We are alive in extraordinary times, but for those who look for it, every season in the history of a culture or a nation is extraordinary. If it were Athens of 1817, it would have been an amazing time. Pioneers came to settle the land against all odds, and now it is a marvelous place to live. If it were before, during or after the War Between the States, it would have been as well, because there was valor, and there was renewal, neither of which came cheaply. If it were WWI, the Great Depression, WWII, or any war since, important history was being made, and stellar people drew breath and defined us as a nation. If it were the ‘50s or the ‘60s, the Civil Rights era, the Reagan administration, the Clinton administration, the Obama administration, or whatever awaits us after the 20th of this month, there is never any shortage of the potential for greatness being exhibited for all to enjoy.
Now that I am a “seasoned citizen,” I am aware more than ever that while to some my “glory days” are over, to me I am just getting started.
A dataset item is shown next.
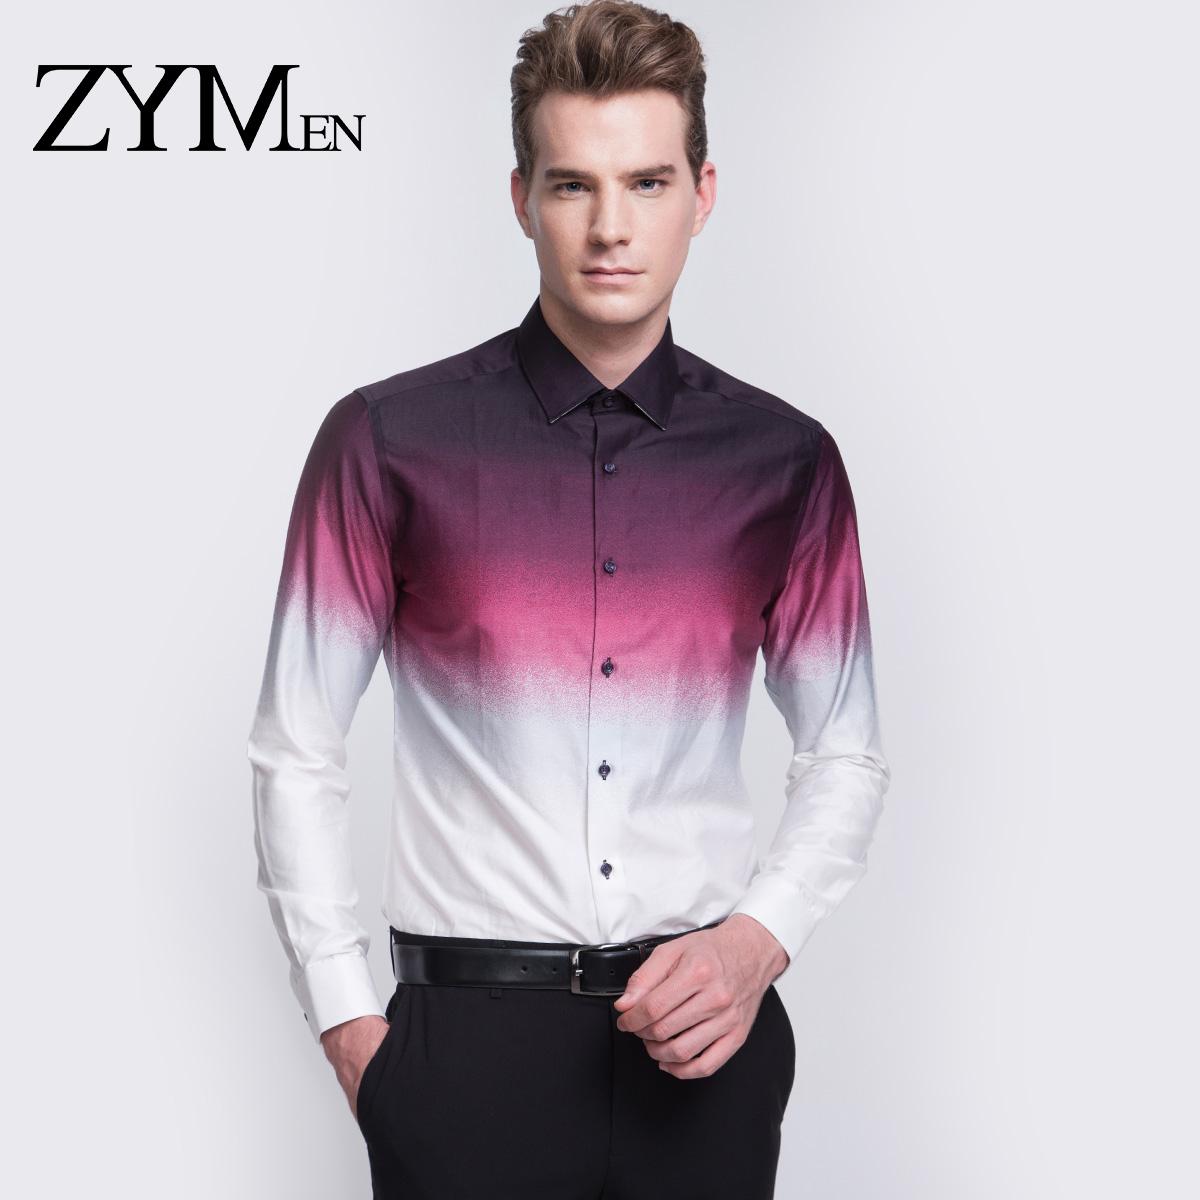 ZYMEN 商务宴会男士长袖衬衫 免烫婚礼伴郎男衬衣职业时尚渐变色

I heard someone say today on the radio that decades ago a doctor had told him about a 95 year old man who, upon being questioned by the doctor during an annual exam, was asked the secret to his longevity and health, and the elderly man answered simply, “Never let an old man live in your body.”
That doesn’t mean dress like a teenager when you are north of 70, it doesn’t mean getting hair plugs or Botox, it means carefully nourishing your whole being so that there is something that is transcendent of age which then becomes your signature, and you make it legible for the willing to read. And, for the discerning, it is becoming a being on whom our Maker can leave His fingerprints without hesitation.
This past year was both glorious as well as seemingly impossible on a number of fronts, but on we trudge toward the City made without hands. There were relationships that blew up, and relationships that were restored. I ran several 5Ks, and am preparing for my next one later this month. In a few days I am going to go on my first cruise to the Bahamas, the first true vacation I have had in awhile. I am genuinely excited, even thrilled, but the portending diversion does not allow me to escape my question, “What is the point?” I think the best way to answer it is to remember the words of Micah when he said, “He has shown thee oh man what is good, and what does the Lord require of thee. But to do justly, and to love mercy, and to walk humbly with thy God.” That is the point in any era, and oh, the stories we shall have to tell if we make it our quest. So, Happy New Year, dear Athenians! Find your “point,” and make it sharp.